His spectacular dresses referenced art masterpieces such as Hieronymous Bosch's "The Garden of Earthly Delights."
Also northern European saints, including St. George and St. Nicholas, were incorporated into some of his gowns.

Sandals wreathed in gilded roses matched the salon’s ornate decoration, while the mirrors reflected the models’ golden feather Mohawks. The intense workmanship was of couture quality, which is the way Mr. McQueen had been moving his signature line.


In this 16-piece collection Alexander — Lee — McQueen showed his sensitivity to history, his powers of research, his imagination, his technical skills and his love of women, often misinterpreted or misunderstood, but here evident in every fold and feather.

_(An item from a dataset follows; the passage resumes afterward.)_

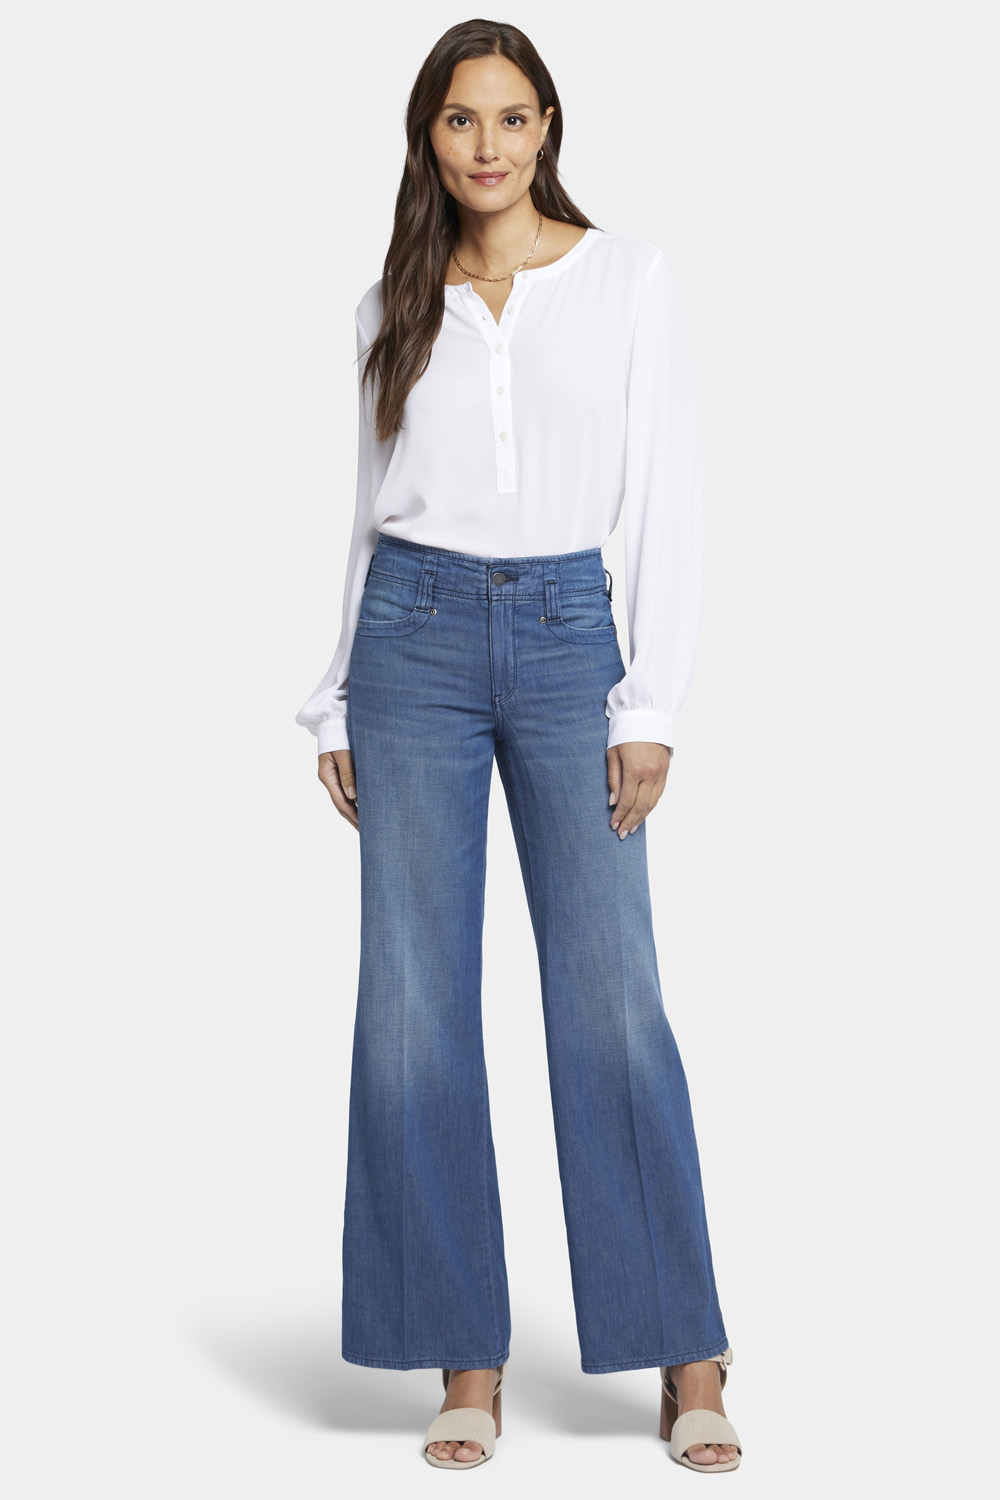 Reduce Price RYRJJ Women High Waist Wide Leg Bootcut Jeans Flared Imitation  Denim Pants Floral Printed Y2K E-Girl Streetwear Bell Bottom Pants(Blue,S)

So whimsical and delicate.
The lighter, romantic side of the designer’s nature shone through, too, in a smoke-grey and silver silk jacquard “angel” gown with gold-feathered “wings” on the shoulder, a long, split skirt revealing a cloud of silk chiffon; and in a regal, full-sleeved gown in cream duchesse satin and silk chiffon, worked with gold thread. The model looked like a medieval queen.


The closing look was breathtaking and felt like a glimpse of heaven. As the final model appeared in the high-collared, long jacket handcrafted from gold feathers and worn over a white tulle skirt scattered with gold embroidery, an aide whispered: “There is no more.”
“Each piece is unique, as was he,” concluded the moving show notes.

Alexander McQueen's last collection, featured 16 looks, including a cape-dress embroidered with golden dragons and hand-carved, gilded shoes.
In the words of Jess Cartner-Morley from the Guardian UK
‘All hail the last emperor. Long live McQueen!!!’
The presentations, which would have been made in McQueen’s favourite venue, the opulent La Conciergerie, had he lived, were instead staged in the Hôtel de Clermont-Tonnerre. This 18th-century hotel particulièr is the family headquarters of PPR SA, the luxury French conglomerate which, through its ownership of the Gucci Group, has a 51 per cent stake in the Alexander McQueen label.
Music ~ The sombre music, sung by the German coloratura soprano, Simone Kermes, included Dido’s Lament from Purcell’s Dido and Aeneas, intensifing the solemnity of the occasion.